Leadership Series

Vai Anand explores the value of first-party data

The value of first- party data. Vai Anand Senior Director, Decision Science (Data Science & Analytics)

I lead the Data Science team at Dollar General, and I absolutely love what I do. The wide variety of work opportunities we encounter every day is exciting. The amount of rich data we have at our fingertips has me waking up every day (and sometimes in the middle of the night) with my mind buzzing with fresh insights and new ways of enabling our organization to deliver value for our customers. Our workstreams span data mining, machine learning, statistics, predictive analysis, modeling, and more. One of the most interesting aspects of this work is my team’s involvement with Dollar General’s Media Network, DGMN.

Before I get into how our Decision Science and Analytics team has helped DGMN tackle everything from untraceable cash transactions to how best to quantify measurable performance outcomes, it’s important to understand the uniqueness of Dollar General, our customers, and who we serve. Our ongoing data studies help our team find ways of ensuring that the Dollar General mission – serving the underserved – is always at the forefront of our analysis. The ideas we develop from analyzing our data can help our customers who are looking to stretch their dollars.

Here are some data points regarding our key role in the lives of our unique rural customers:

  • We serve as the “small box” or general store format retailer for smaller communities. Eighty percent of our stores are in markets with populations of less than 20,000. Where other retailers can’t or won’t go, we provide access and convenience for our customers to fulfill most of their grocery and general merchandise needs.
  • We have over 90 million active and trackable Dollar General profiles, and we can curate custom audiences across 1,400 attributes. This gives brands the ability to connect with 90% of Dollar General customer households, which are oftentimes difficult for others to reach and measure.
  • We are a regular part of our customers’ shopping routines. Over 50% of our customers shop at a Dollar General store 35 times a year.
  • Our customers are highly engaged. Whether they are actively clipping coupons, searching for deals in our weekly circular, or finding inspiration for the holidays, our digitally engaged shoppers spend twice as much as those who are less engaged.

With the looming deprecation of third-party cookies, the importance, value, and usage of first-party data has grown significantly in the last few years, especially in the areas of marketing and merchandising. We expect to gain additional benefits from this data in the future.

In the marketing world, first party (1P) data can help to communicate and personalize our message to customers. Our Data Science team uses predictive analytics tools – such as machine learning algorithms – to predict customer shopping behavior. Using 1P data, we can predict our customers’ preferences and then personalize the right offer based on their need, as well as target them before they make the buying decision. And when it comes to understanding our customers and translating the data points, our Decision Science and Analytics team collaborates daily with DGMN. We also work closely with our Media Insights and Ad Sales team by providing them with deep analytical views on measurement and reporting.

We know that brands and agencies are craving a true omnichannel view, inclusive of offline attribution. While online attribution makes it easier to tie media exposure to online purchases, many retailers and technology solutions are navigating how to compare media exposure with offline purchases.
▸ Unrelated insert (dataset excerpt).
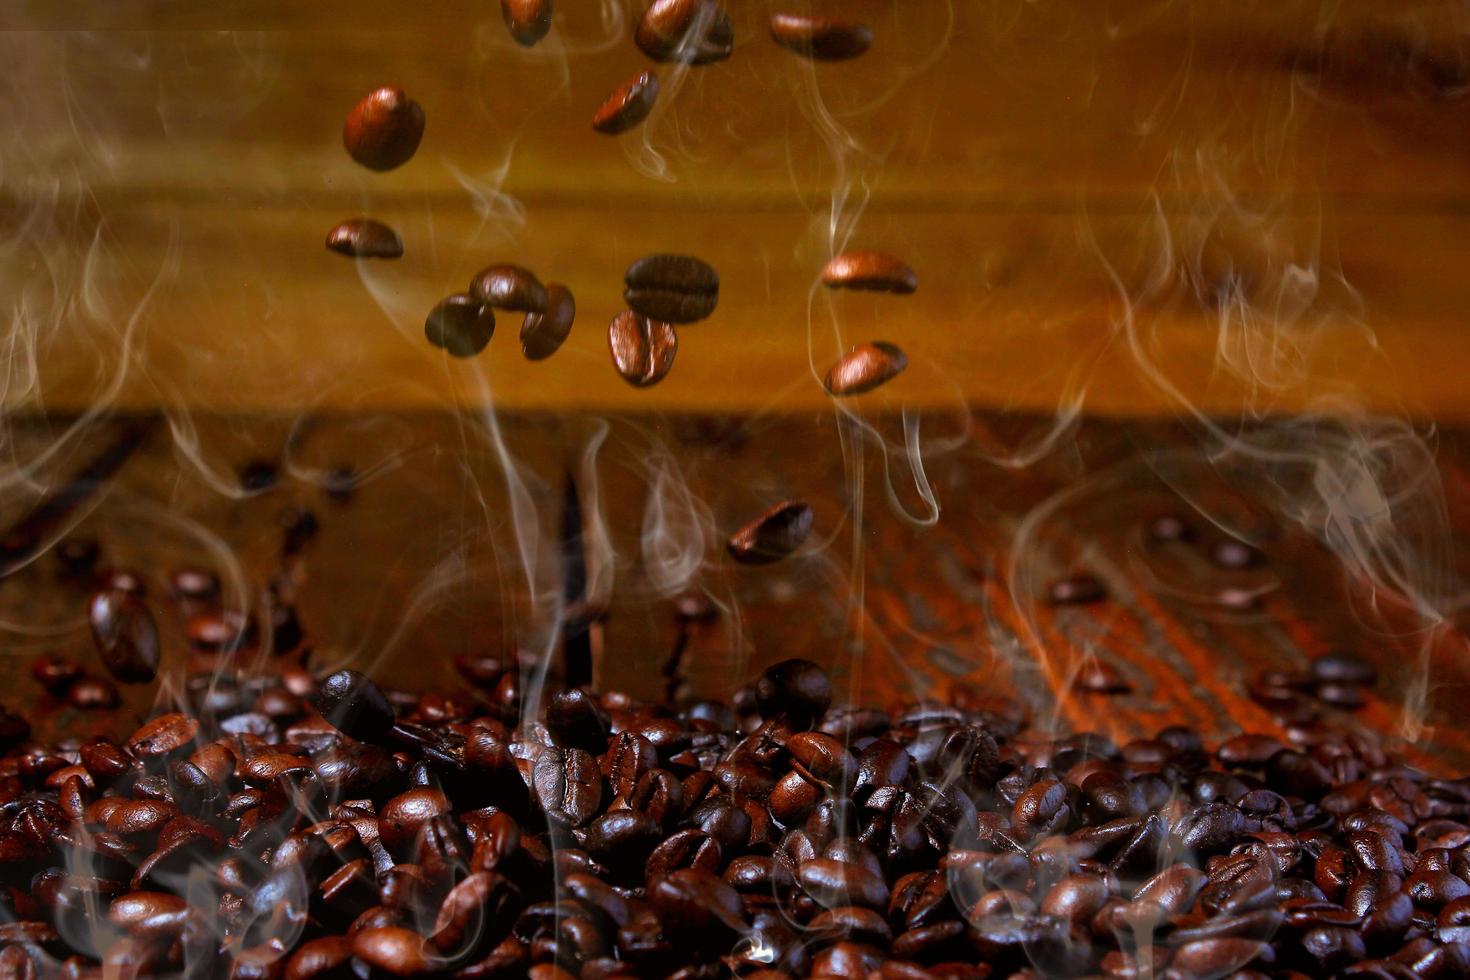 roasted coffee beans falling on stack, hot and smoky. Rustic wood background blurred photo

At Dollar General, we delivered the offline attribution first. Why? Because with approximately 20,000 locations across 48 states and 75% of Americans within five miles of one of our stores, convenience wins.

Some of the areas where the Data Science and Analytics team is working to provide accurate returns on CPG investment include:

  • Increasing customer match finding signals in offline transactions, which can then be matched to the customer and thus measure attribute sales;
  • Navigating the complex world of retail media: mapping the maximum amount of online exposure back to the individual customer level at our brick-and-mortar locations and providing closed-loop reporting;
  • Creating randomized tests and a control audience to ensure we account for any unnatural variance and remove any bias; and
  • Providing statistical significance of incrementality calculation so that our partners can understand each factor that contributes to the actual incrementality.

When it comes to understanding our customers and translating the data points, our Decision Science and Analytics team collaborates cross-functionally with multiple teams. As I read other articles about the “third wave” or “what’s next with RMNs,” I’m frequently reminded of the uniqueness of Dollar General, our customers, and our media network!